[MATERIAL FOR THE TASK]
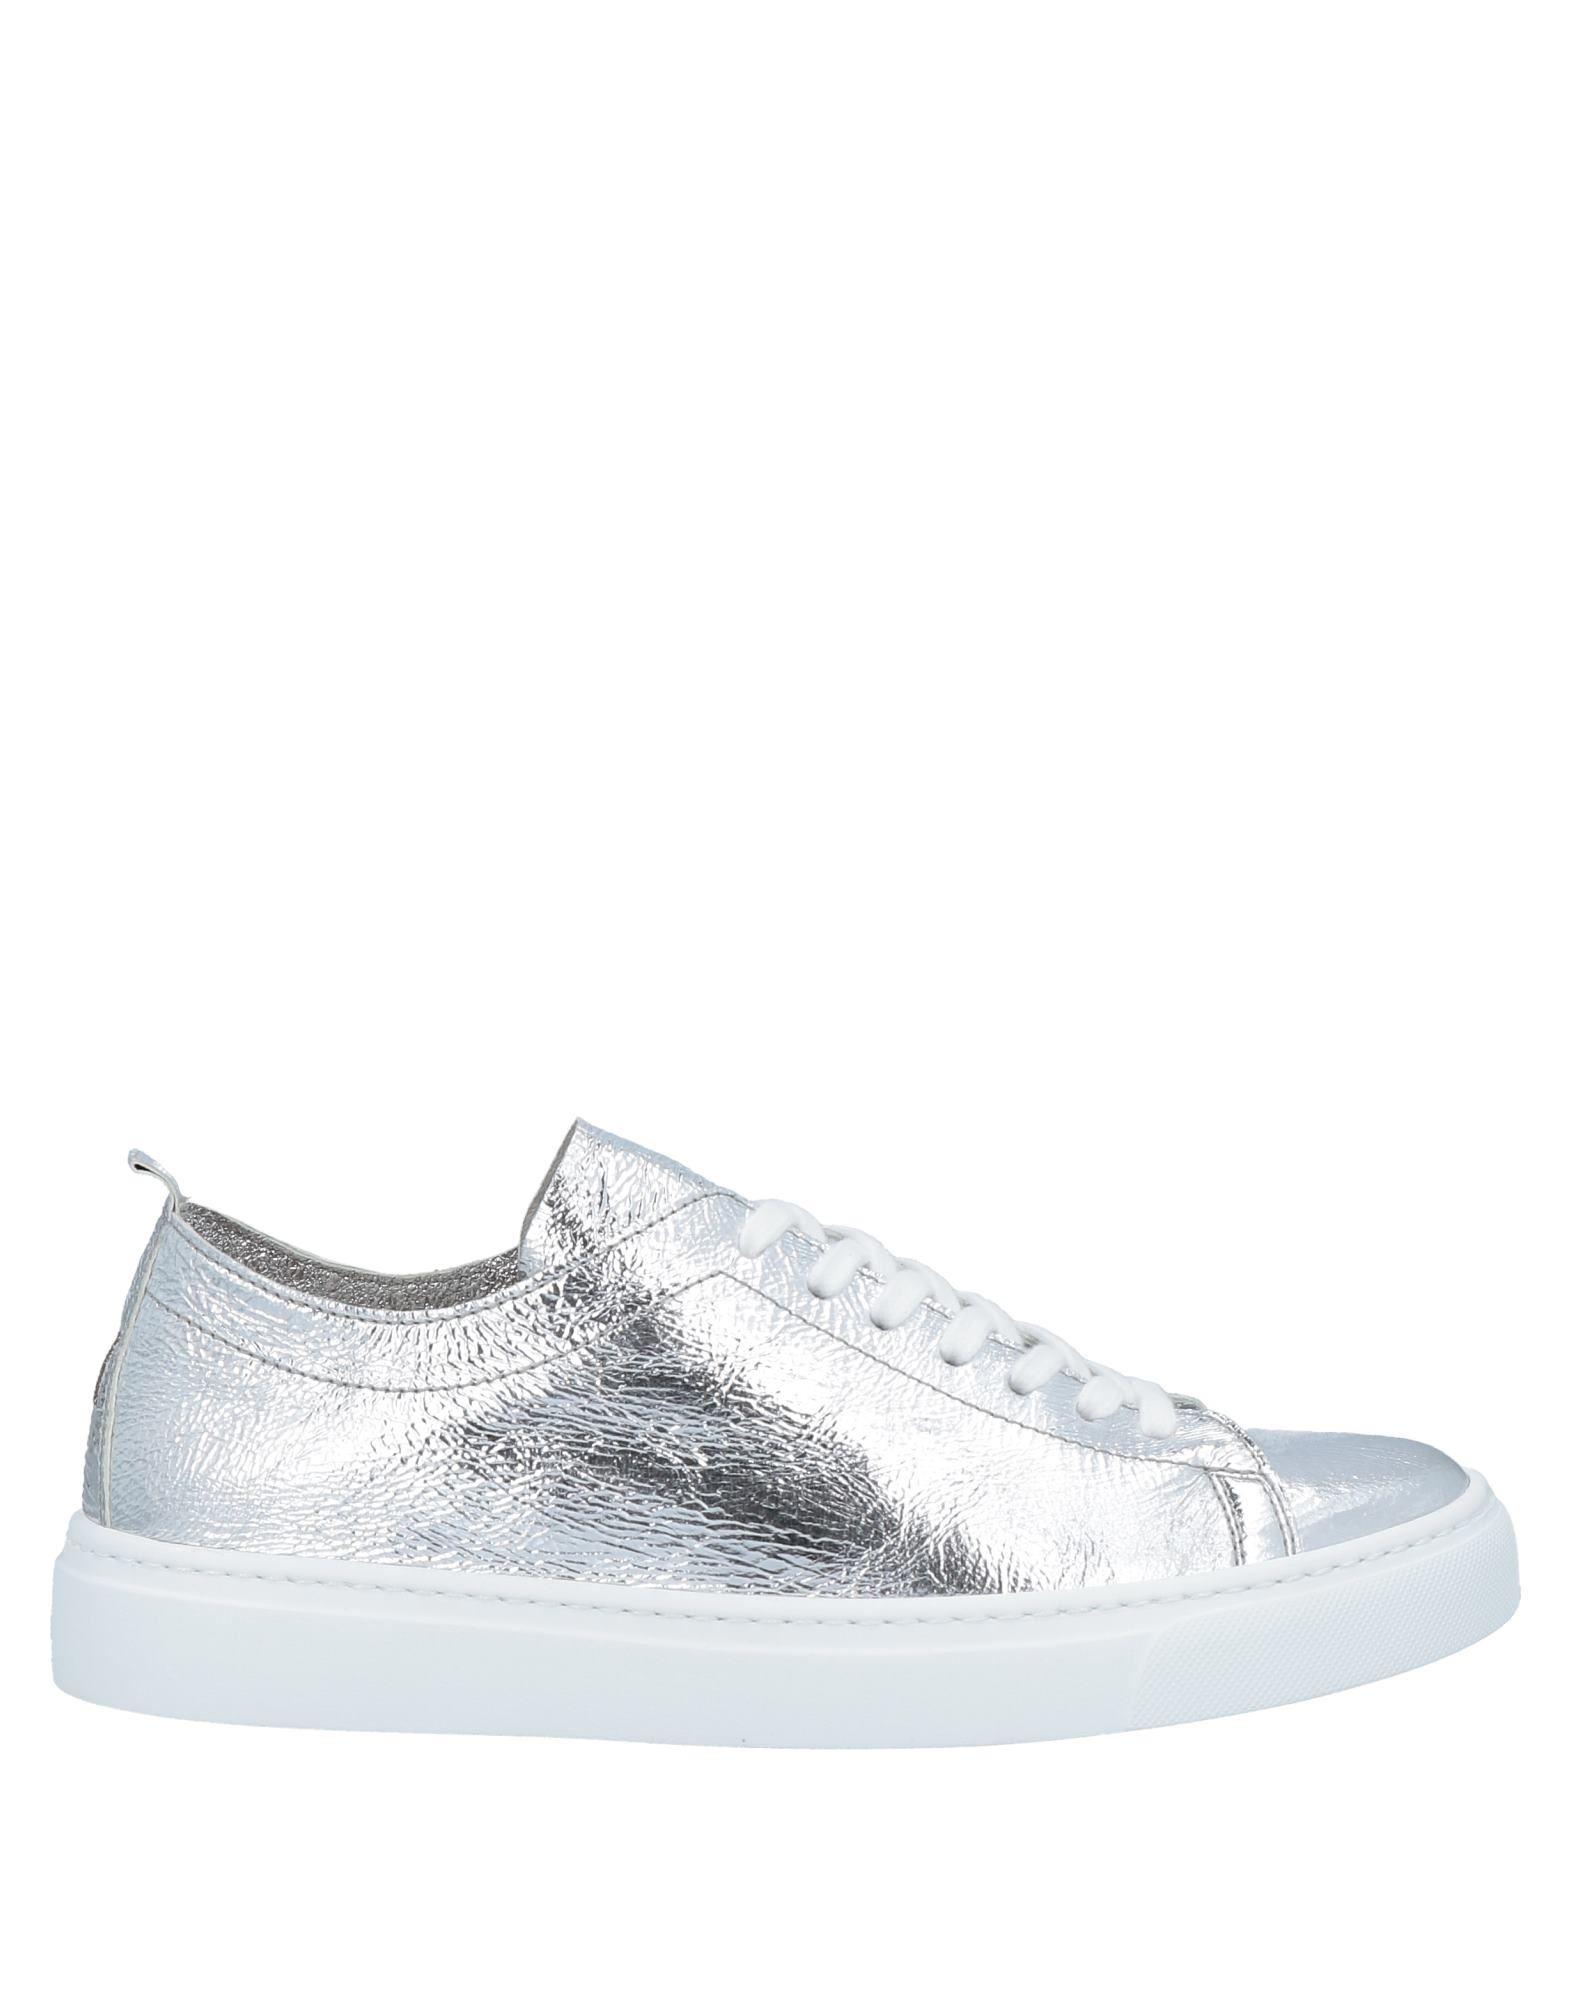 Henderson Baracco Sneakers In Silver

==

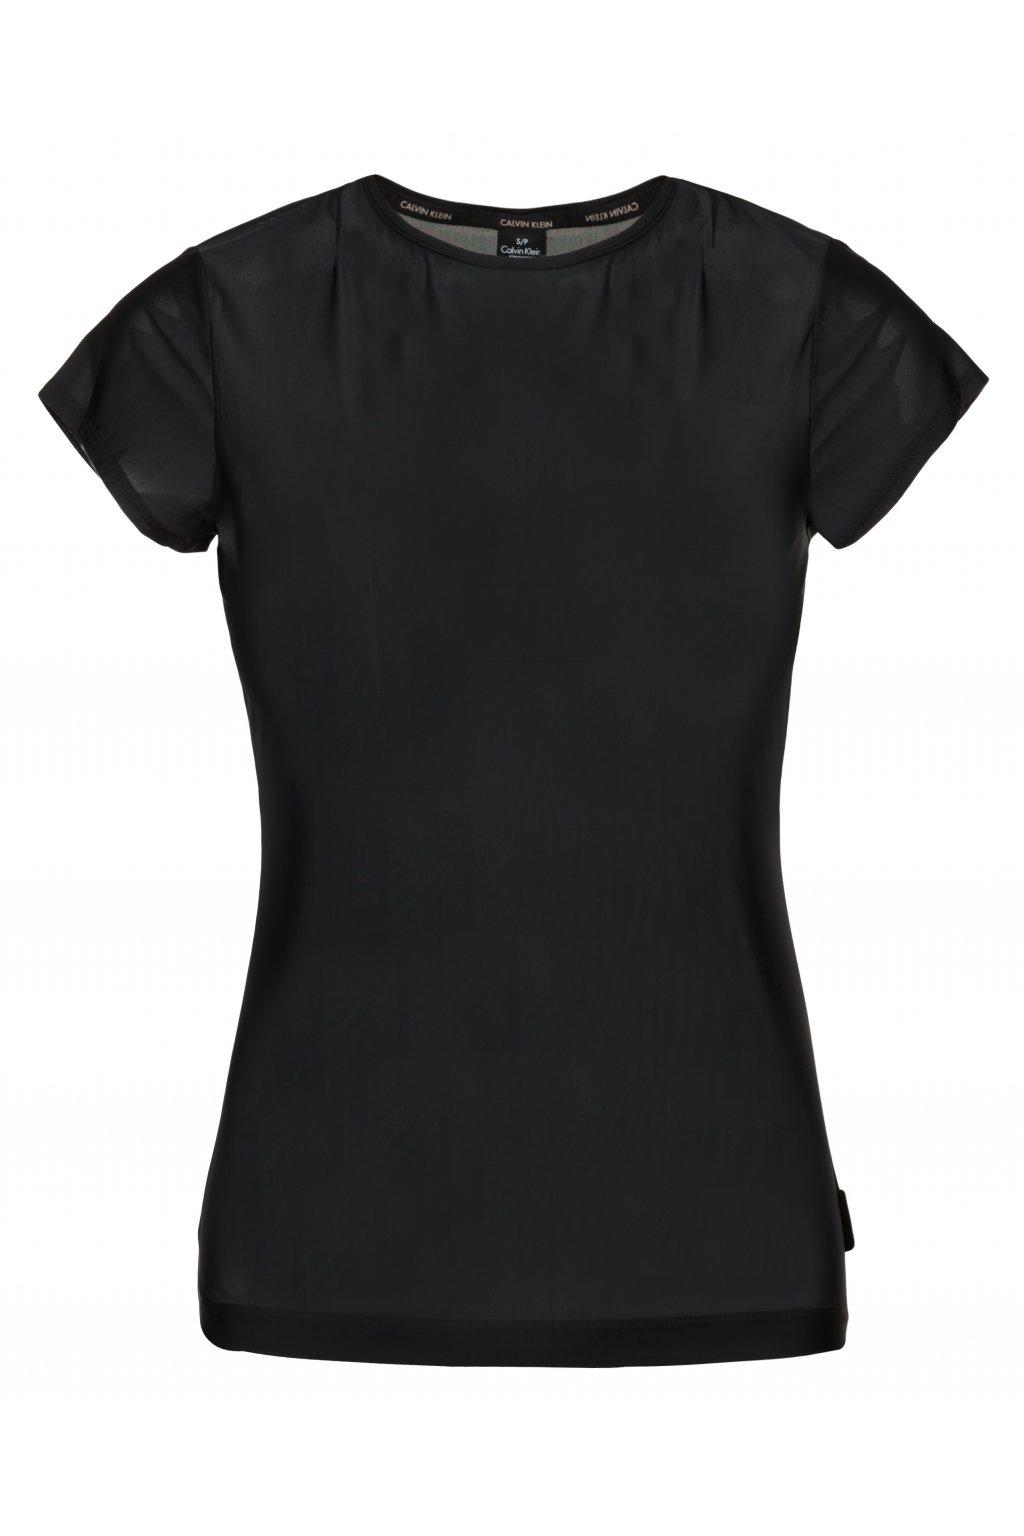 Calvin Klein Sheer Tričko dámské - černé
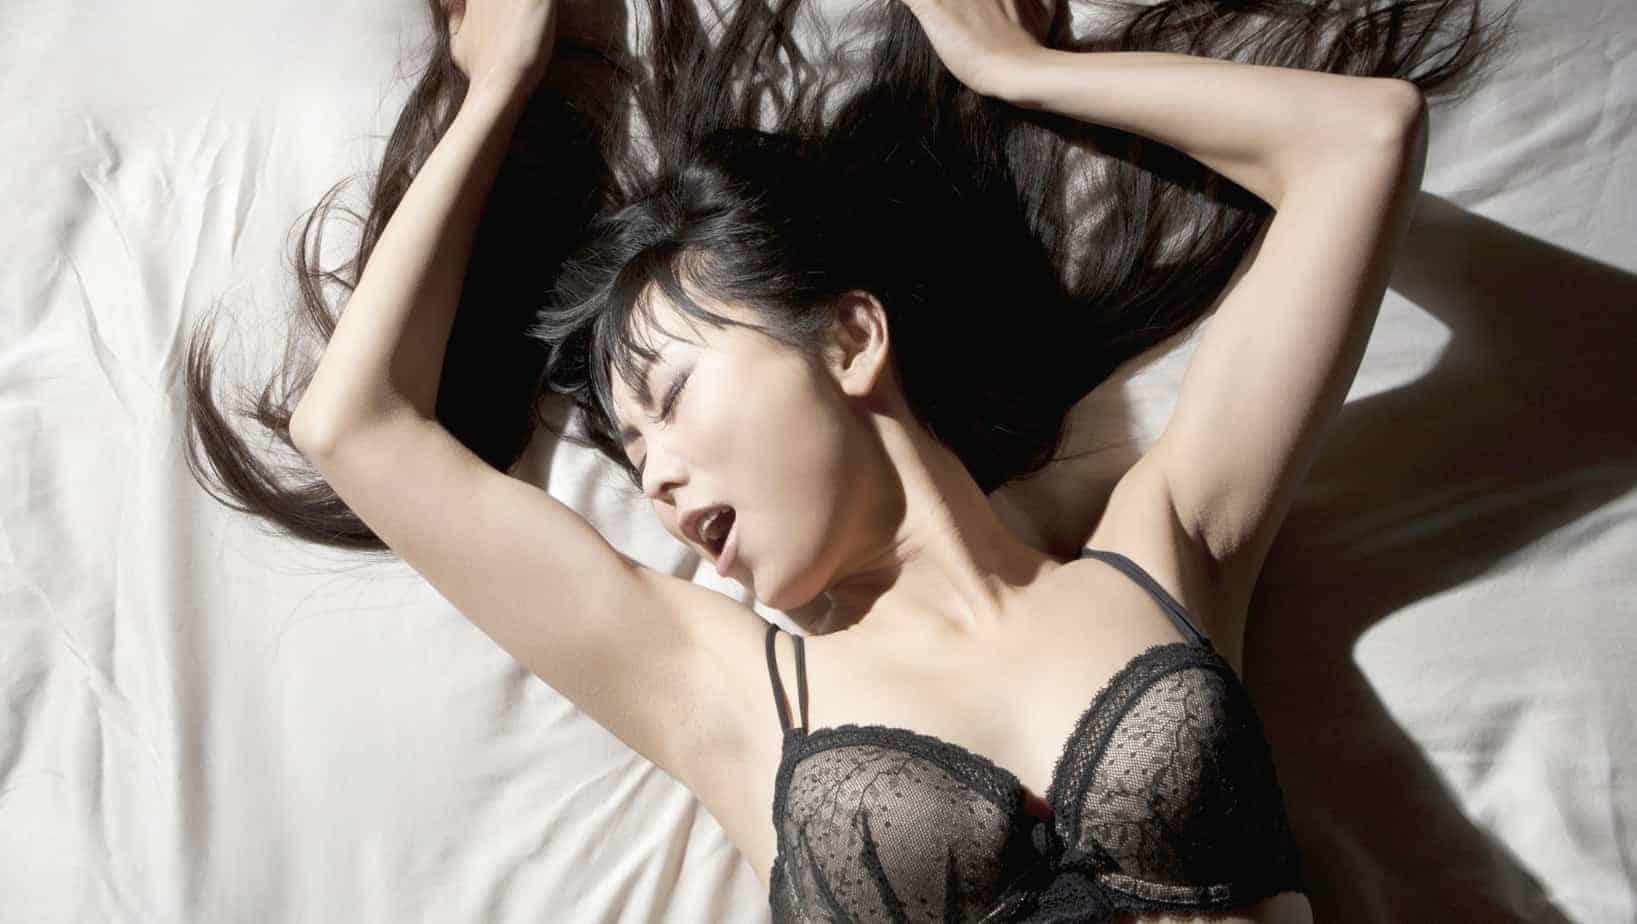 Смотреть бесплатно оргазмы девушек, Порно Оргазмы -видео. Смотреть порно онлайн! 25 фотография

...

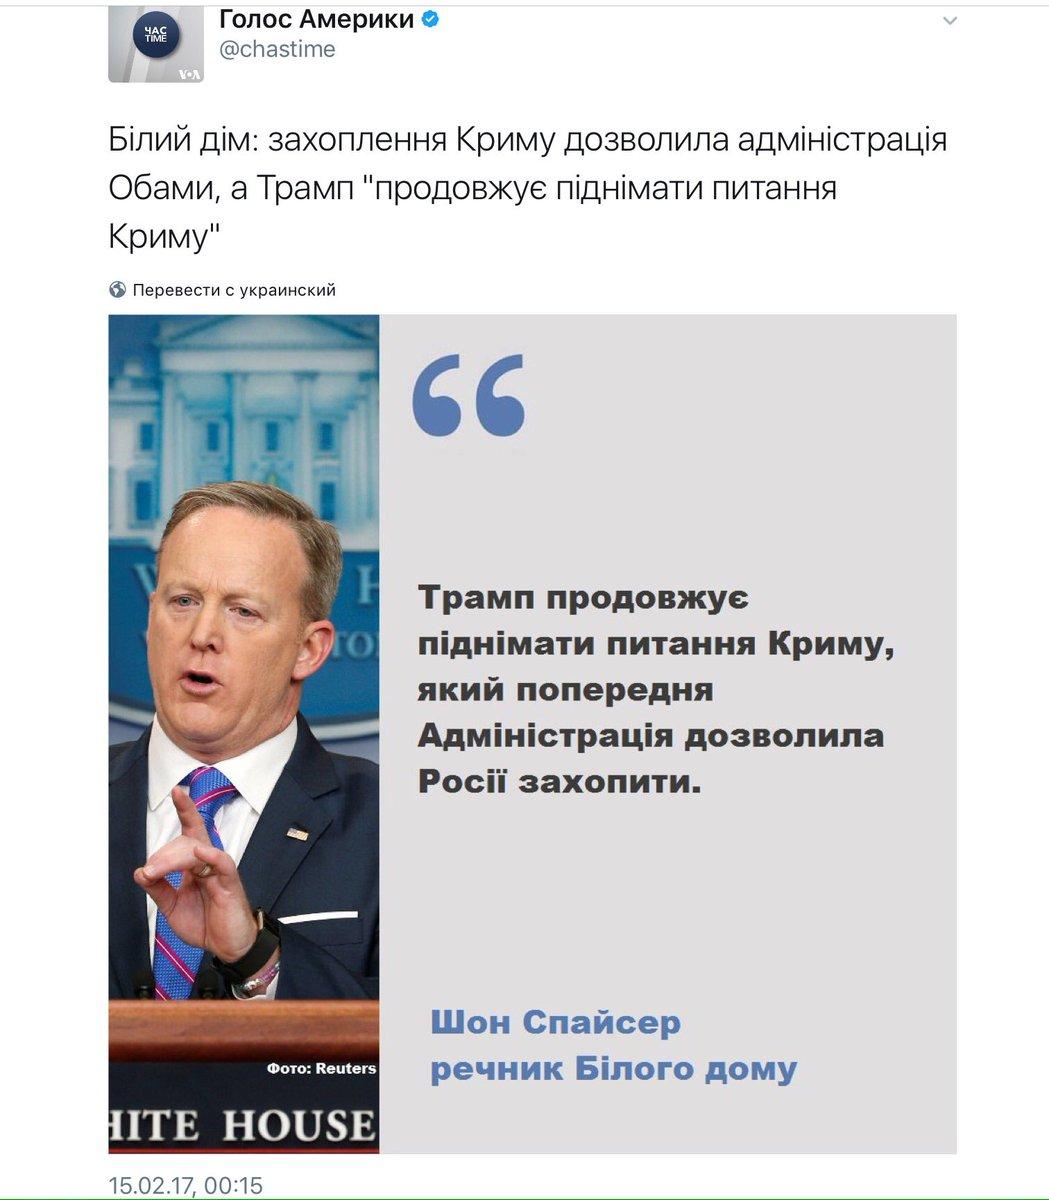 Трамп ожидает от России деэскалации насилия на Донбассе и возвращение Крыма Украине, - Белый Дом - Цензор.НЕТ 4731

[WHAT TO PRODUCE]
Above are some records; quote exactly and only the lines that begin at the line containing "Calvin Klein Sheer Tričko dámské - černé" and stop after the line containing "Смотреть бесплатно оргазмы", leaving out the pictures.

[YOUR RESPONSE]
 Calvin Klein Sheer Tričko dámské - černé
 Смотреть бесплатно оргазмы девушек, Порно Оргазмы -видео. Смотреть порно онлайн! 25 фотография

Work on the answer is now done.